Images are to be excluded, and the rest of the data repeated exactly.

▶ INPUT DATA
%%

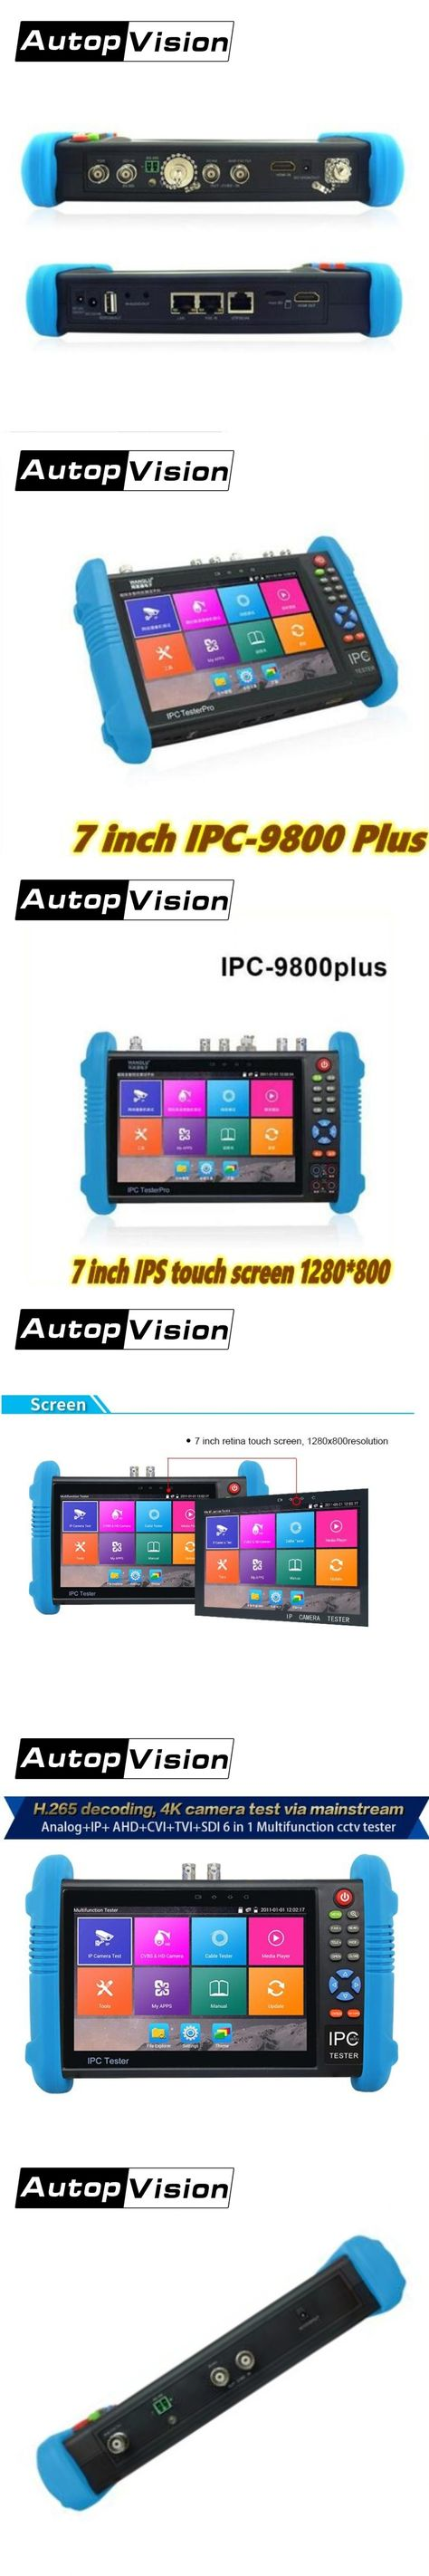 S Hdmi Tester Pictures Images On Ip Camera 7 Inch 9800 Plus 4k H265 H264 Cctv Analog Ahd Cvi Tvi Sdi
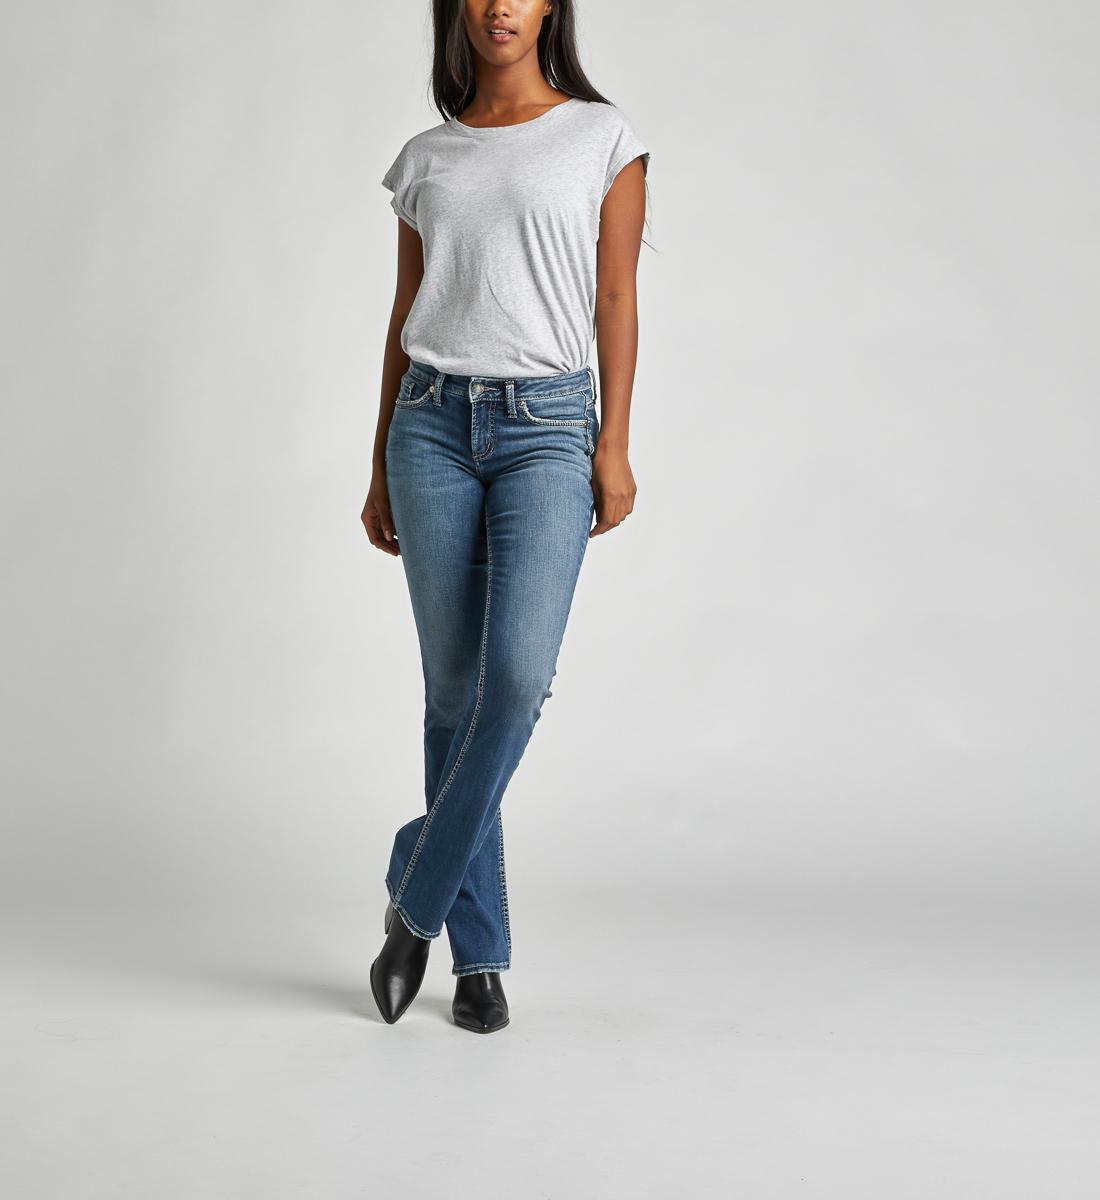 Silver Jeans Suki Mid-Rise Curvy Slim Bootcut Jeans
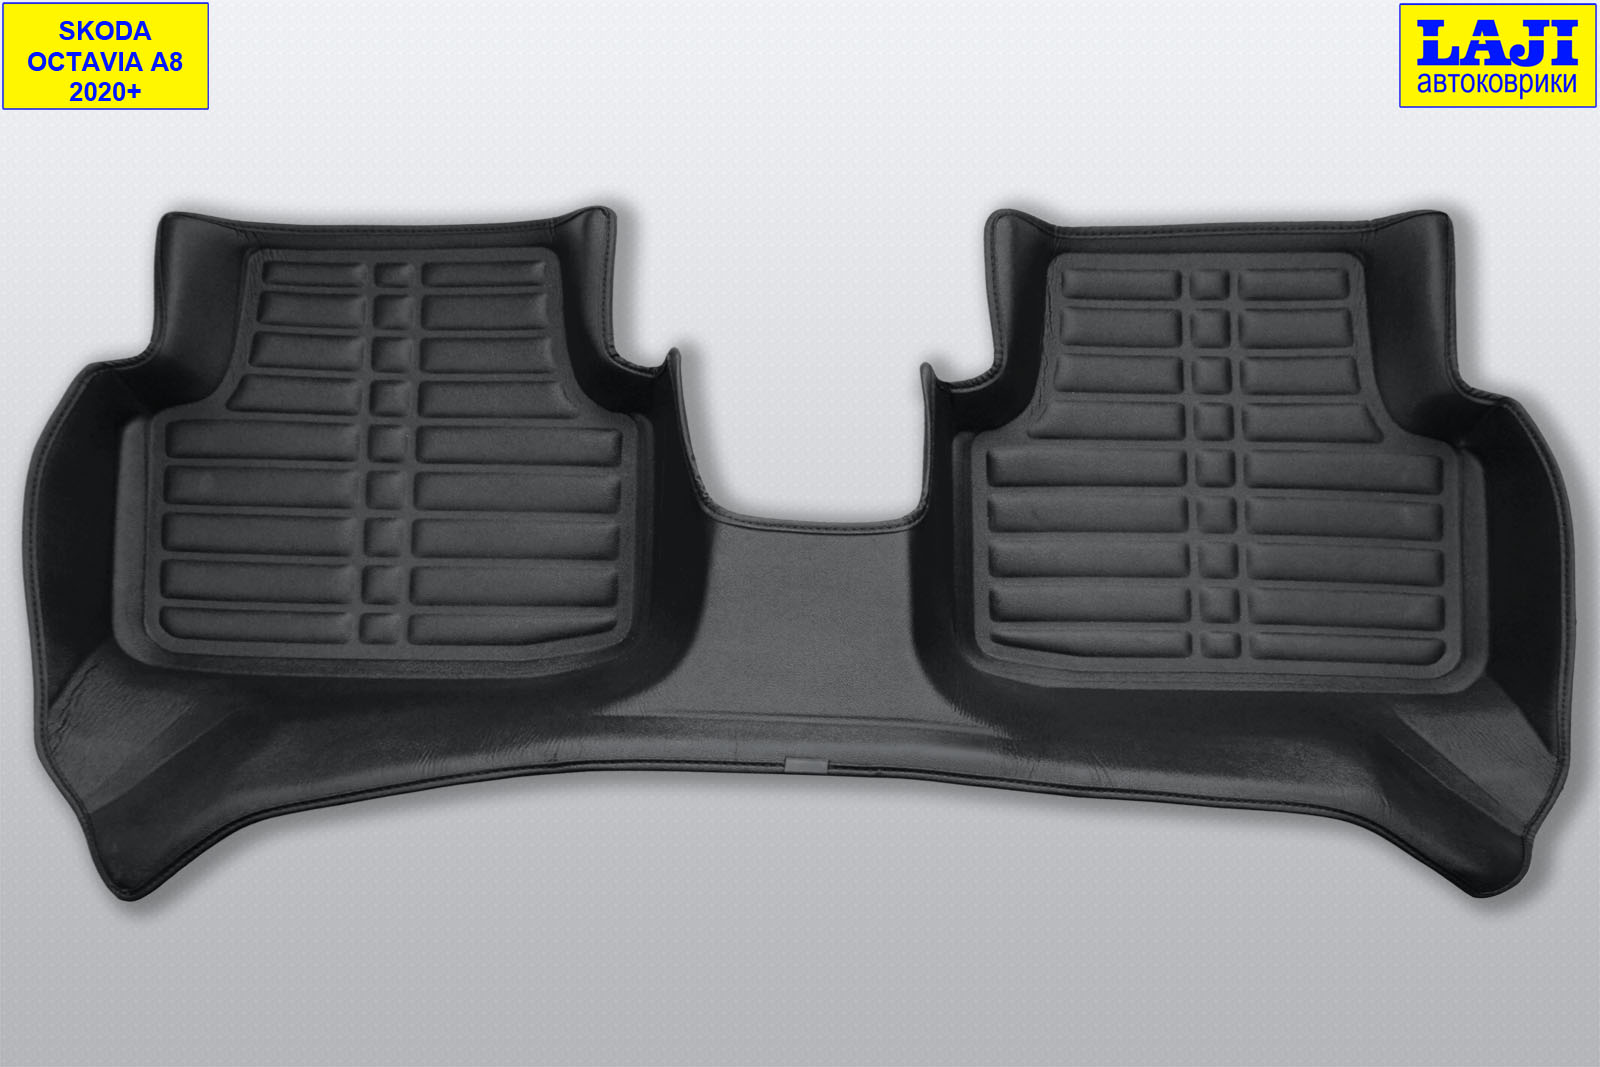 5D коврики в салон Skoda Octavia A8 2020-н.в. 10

%%

▶ RESULT BELOW
 S Hdmi Tester Pictures Images On Ip Camera 7 Inch 9800 Plus 4k H265 H264 Cctv Analog Ahd Cvi Tvi Sdi
 Silver Jeans Suki Mid-Rise Curvy Slim Bootcut Jeans
 5D коврики в салон Skoda Octavia A8 2020-н.в. 10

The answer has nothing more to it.